Guest speaking about being a Tech Coordinator & growing my #PLN. @TC_CMLTD @TeachersCollege

I’m proud to be an alumna of the Communication, Media, and Learning Technologies Design Program at Teachers College, Columbia University where I earned my MA (2001) and EdM (2016) in Instructional Technology and New Media. (The next step would be a Doctorate, but unless I get an honorary one like Bono, I’m not sure I have the willpower to do so…)

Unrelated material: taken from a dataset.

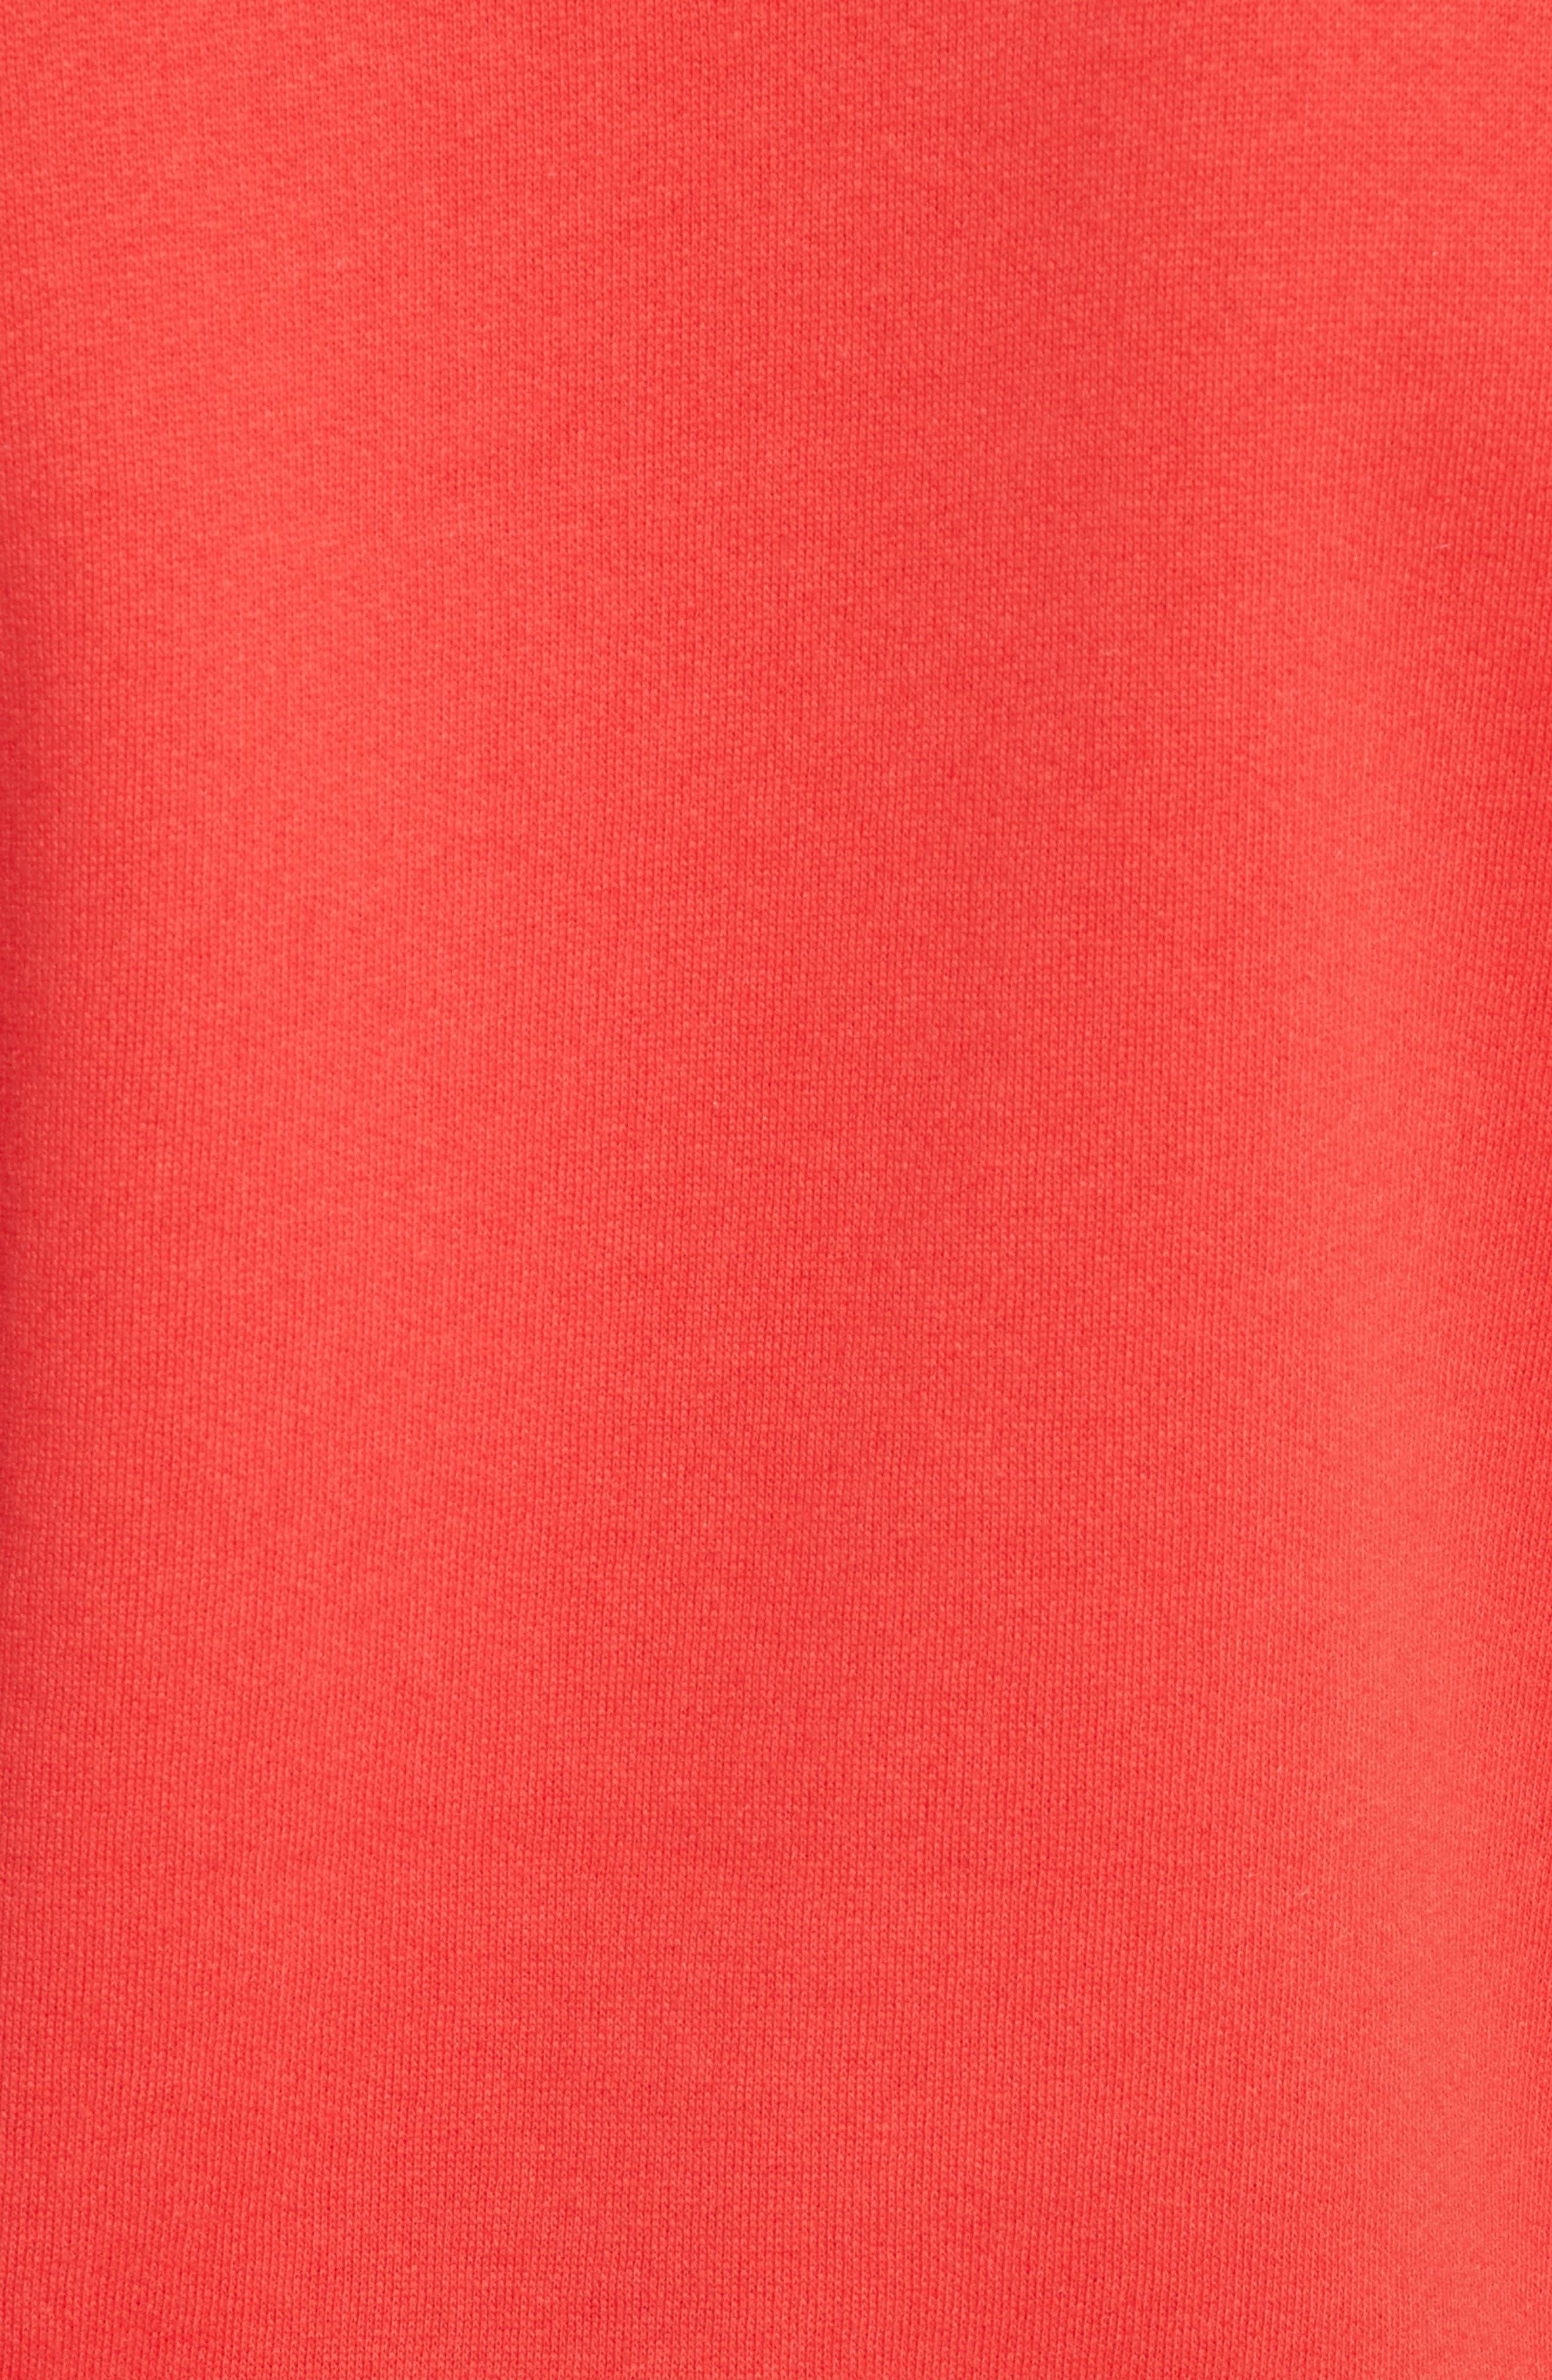 Alternate Image 5  - Opening Ceremony Elastic Logo Crop Sweatshirt (Limited Edition)
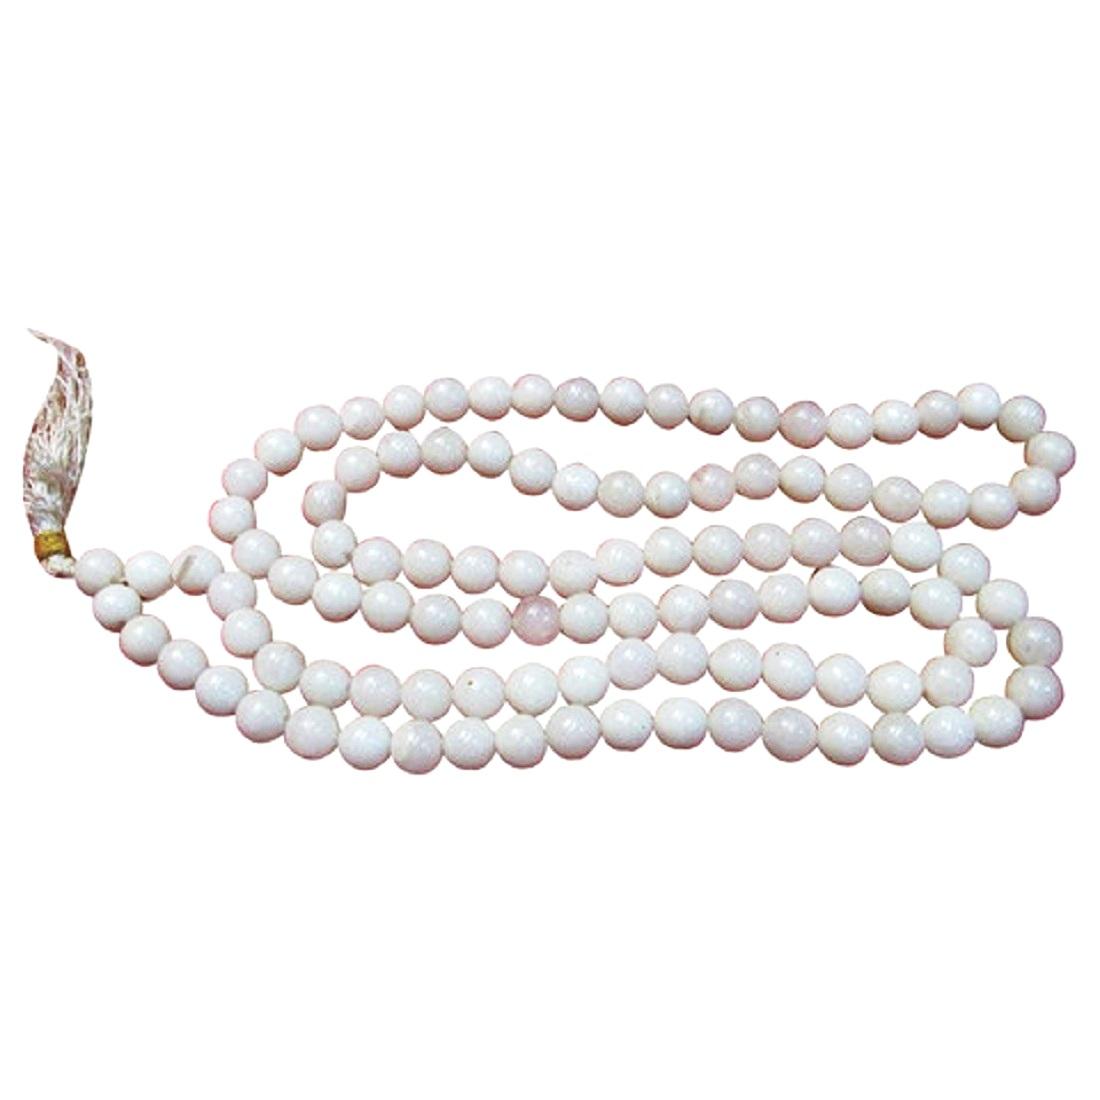 Numeroastro White Agate | Hakik Round Beads Hand Knotted Mala (109 Beads) (1 Pc)

Professor Chang, my patient and helpful thesis advisor, invited me to speak with her core seminar students tonight about my “experience and expertise in implementing and learning with technology in the classroom.” I prepared the slides above to lightly outline and illustrate why I think curating a Personalized (or Professional) Learning Network is super valuable. I also included suggestions for how to locate and connect with people synchronously and asynchronously, online and offline, personally and professionally. For inspiration about what to talk about, I turned to the abstract for my EdM paper which is pasted below:

This paper considers that investing time in growing a Personalized Learning Network (PLN) by interacting with other professionals in the field synchronously and asynchronously, online and offline, socially and professionally will lead to the ultimate reward of being a more engaged, informed, and connected educator in the 21st Century. This inevitably will enable access to people and information that will further enrich the educator and their community. There are distinct advantages to building and leveraging a PLN to learn, share, network, and collaborate as a career teacher both online and offline. Additionally, maintaining a personal portfolio is a valuable resource towards professional growth and building your network as it helps educators engage in a metacognitive study of their own teaching and learning, legitimize their online presence, and expand their PLN. Much research points towards the value of growing a PLN and digital portfolio curation and the role these play in a 21st Century educator’s practice.